The element that stands between us and that software failure is real-time systems. Quite simply, these systems are intended to provide products within a predetermined timeframe. Unlike standard computer systems that attempt to provide the product as quickly as possible, real-time systems must adhere to a specific timeframe. What does that mean? Take, for example, a passenger aircraft. While in the distant past the control surfaces of the aircraft were connected by cables to the controls in the cockpit, today we have an airborne computer required to transmit the pilot's commands at just the right time.
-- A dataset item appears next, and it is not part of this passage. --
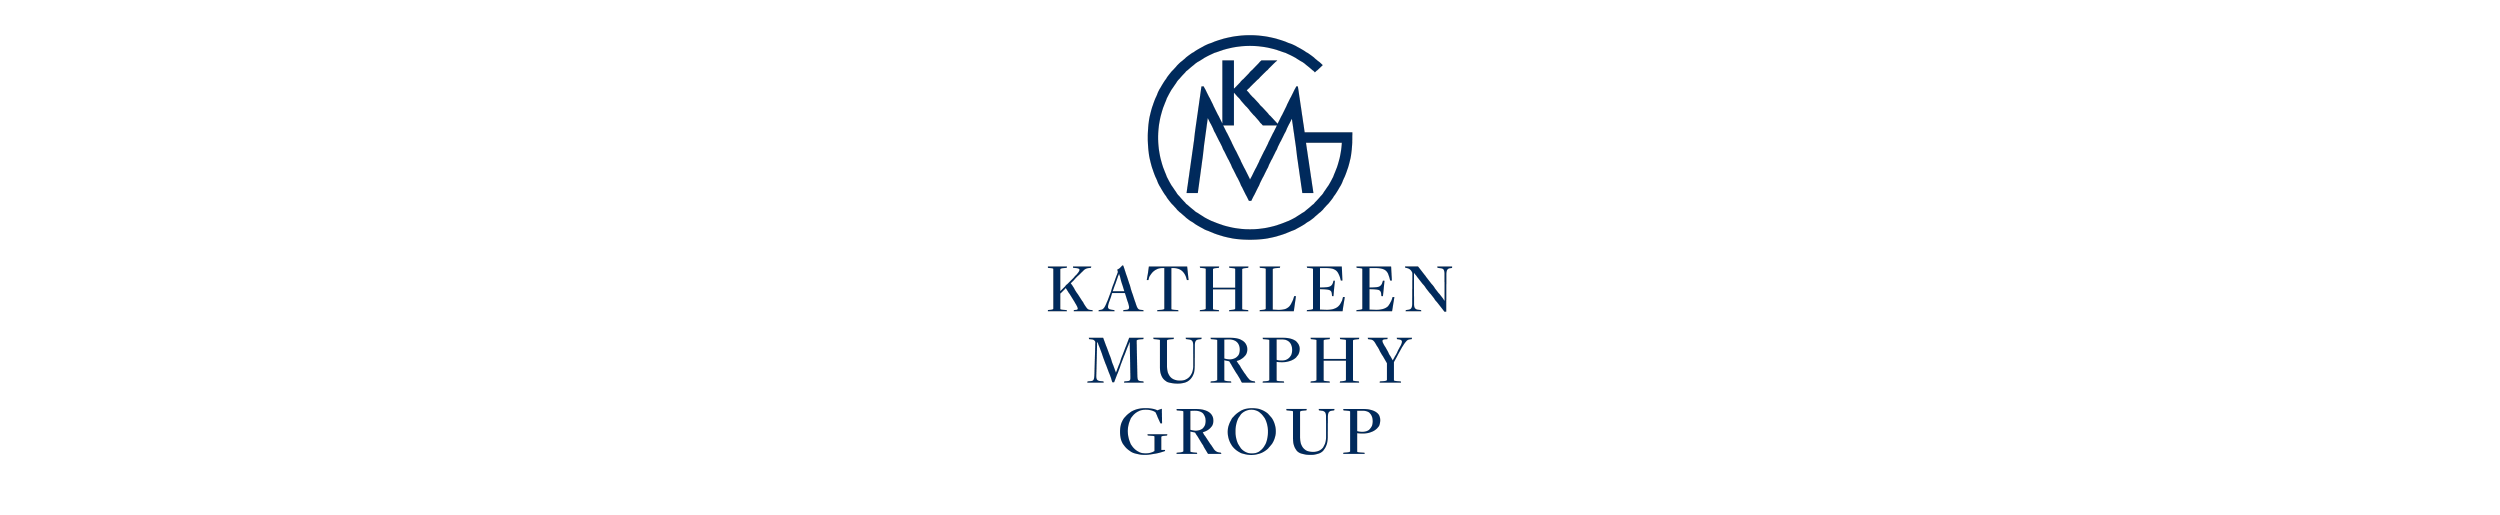 Kathleen Murphy Group

If the computer that adjusts the aircraft controls transmits commands that are not synchronized and occur one after the other instead of simultaneously or vice versa, the aircraft will behave differently from the pilot's original intention, so an intended turn might evolve into a climb or a spin, with disastrous results. So, in real-time computing the emphasis is placed on executing the operation within a predetermined time range.

Within the category of real-time systems, we distinguish between three system types. The first type is 'soft real-time' systems. With these real-time system, a digression from the predetermined timeframe will not cause any serious damage. For example, our home cable TV converters incorporate real-time systems that ensure that the rate at which we change channels is known and anticipated in advance. At the same time, a small digression from that rate will not lead to severe consequences. These are 'soft' systems that tolerate digressions.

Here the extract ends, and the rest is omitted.